SPORT / SOCCER
Japan's rise lays bare Chinese national football team's stagnation
Published: Oct 15, 2025 09:17 PM
Chinese national under-22 football team player Wang Yudong (right) plays during the game against their Thailand counterparts on October 14, 2025 in Kunming, Southwest China's Yunnan Province. Photo: VCG

Chinese national under-22 football team player Wang Yudong (right) plays during the game against their Thailand counterparts on October 14, 2025 in Kunming, Southwest China's Yunnan Province. Photo: VCG


The Japanese national team's overturning a two-goal deficit to beat five-time world champions Brazil 3-2 on Tuesday has sent football fans around the world into shock. And for many Chinese fans, that result has become a painful mirror: While Japan is sharpening its edge on the international stage, China's national team remains mired in uncertainty.

After Croatian coach Branko Ivankovic was dismissed in June after the Chinese national team's elimination from World Cup Asian qualifiers, the decision, while expected, has left the national team without a permanent coach for months.

The Chinese Football Association (CFA) finally announced open recruitment in September for a new head coach, but that belated step cannot erase the damage from the preceding months of inaction at the top of the national teams.

For most footballing teams, the September and October international match days are critical times to test players and build cohesion. Though the junior teams have played their respective friendly matches, the senior national team, by contrast, has fielded no fixtures, offered no glimpses of its future, and deprived its players and fans of direction. 

Contrast that with China's neighbor Japan. As a well‐oiled machine underpinned by long-term planning and investment, the Japanese national team is steadily elevating itself in global football perception. Many Chinese fans have even said the Japanese team "played like a European team rather than an Asian team." Their recent comeback win over Brazil was not a fluke but was the result of systemic progress, youth development and a culture of continuity. While China's team is idle, Japan is proving new strengths. 

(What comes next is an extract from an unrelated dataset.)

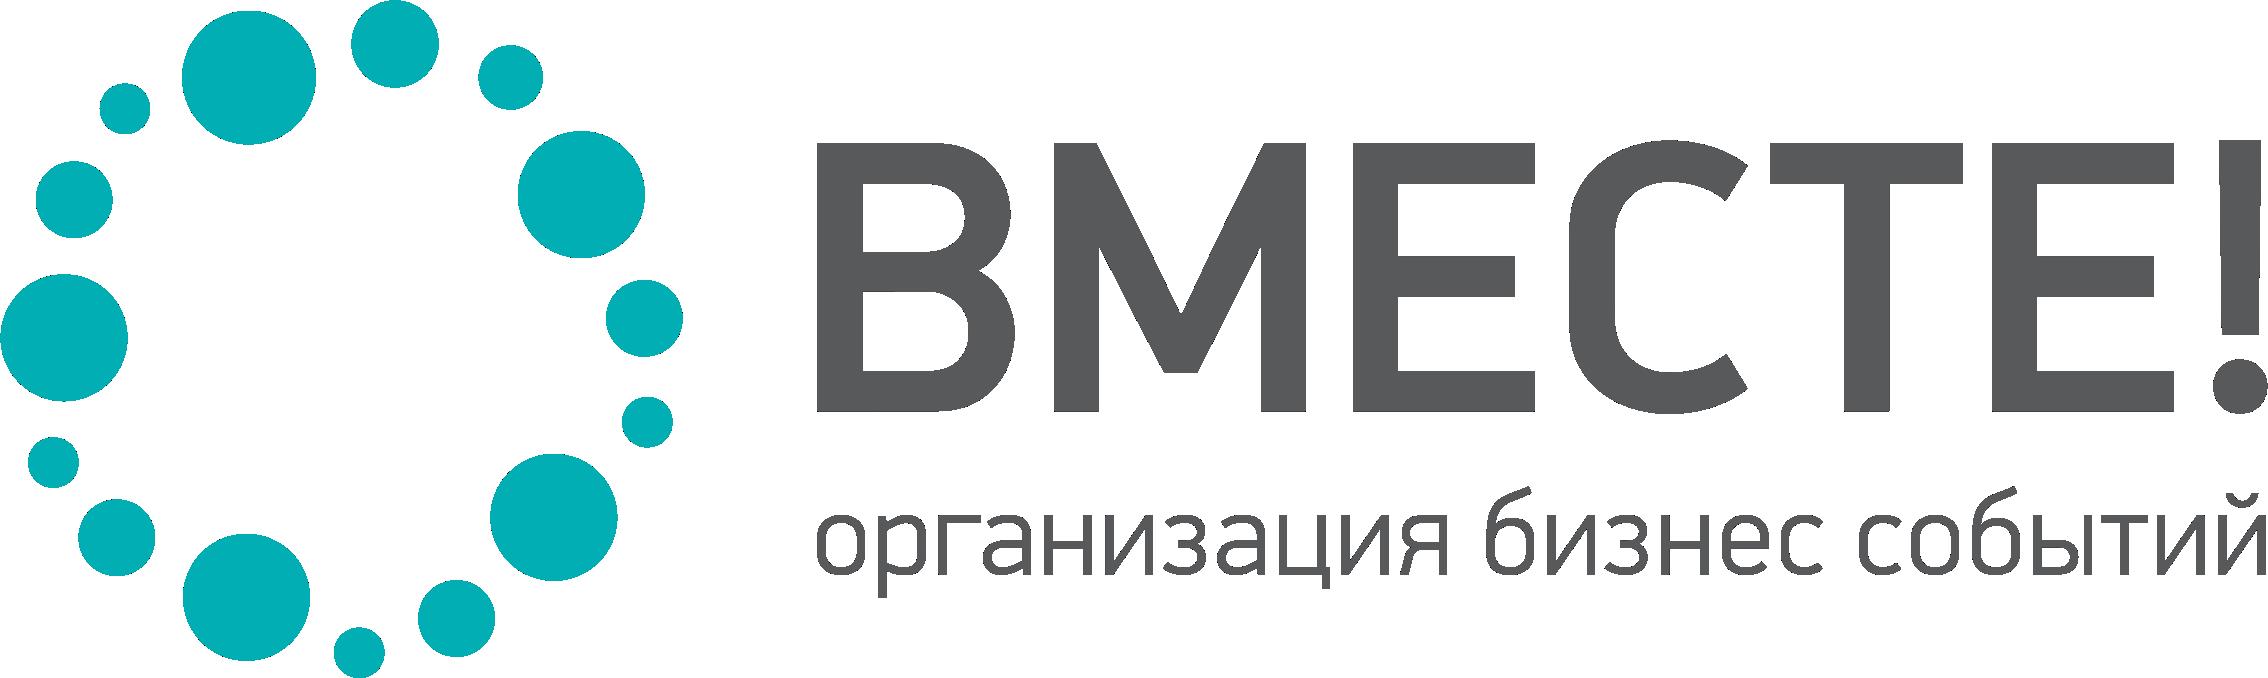 ВМЕСТЕ — организация бизнес событий

The implication is stark. The national system cannot seize even the basic procedural necessities. Scheduling friendly matches for the national team, allowing the team to gel, even with a caretaker coach, could help. Even the Brazilian team's head coach Carlo Ancelotti admitted the match exposed mental frailty and defensive lapses, before emphasizing that such friendlies are essential for testing the team's character.

Even domestic momentum, the local leagues with grassroots enthusiasm as well as the growing fanbase of the professional Chinese Super League, is at risk of being wasted. Young players break through in provincial or city leagues, staking claims with energy, ambition, and potential. But without a visible national nexus, without national squads to aspire to, that potential is left fragmented and only localized. Thriving regional football ecosystems alone cannot substitute for a coherent and disciplined national program.

The national team's FIFA ranking offers another caution. A recent ranking placed China at 94th in the world, between war-torn Syria and Benin, a small West African country. That is not a position for a team that plans to bounce back, but of a national side that has lost its way. Meanwhile, Japan and other Asian countries continue to consolidate their global standing through consistency, exposure and incremental gains.

The next international window in November looms. Even if a coach is appointed in the coming days, the window for him to implement his ideas, evaluate personnel, and forge chemistry is narrow. Each delay magnifies the handicap. Without urgency, the foibles of inertia of the CFA will compound, and the gap between China and its regional counterparts in Asia will widen further.

The national football team's revival is not impossible, but it cannot wait for "perfect" conditions. Incremental functionality, consistent matches, clear plans, accountability, must take precedence over grand announcements. Otherwise the greater embarrassment won't be neighbors' historic wins but China's continued absence from the field at moments when the others are progressing.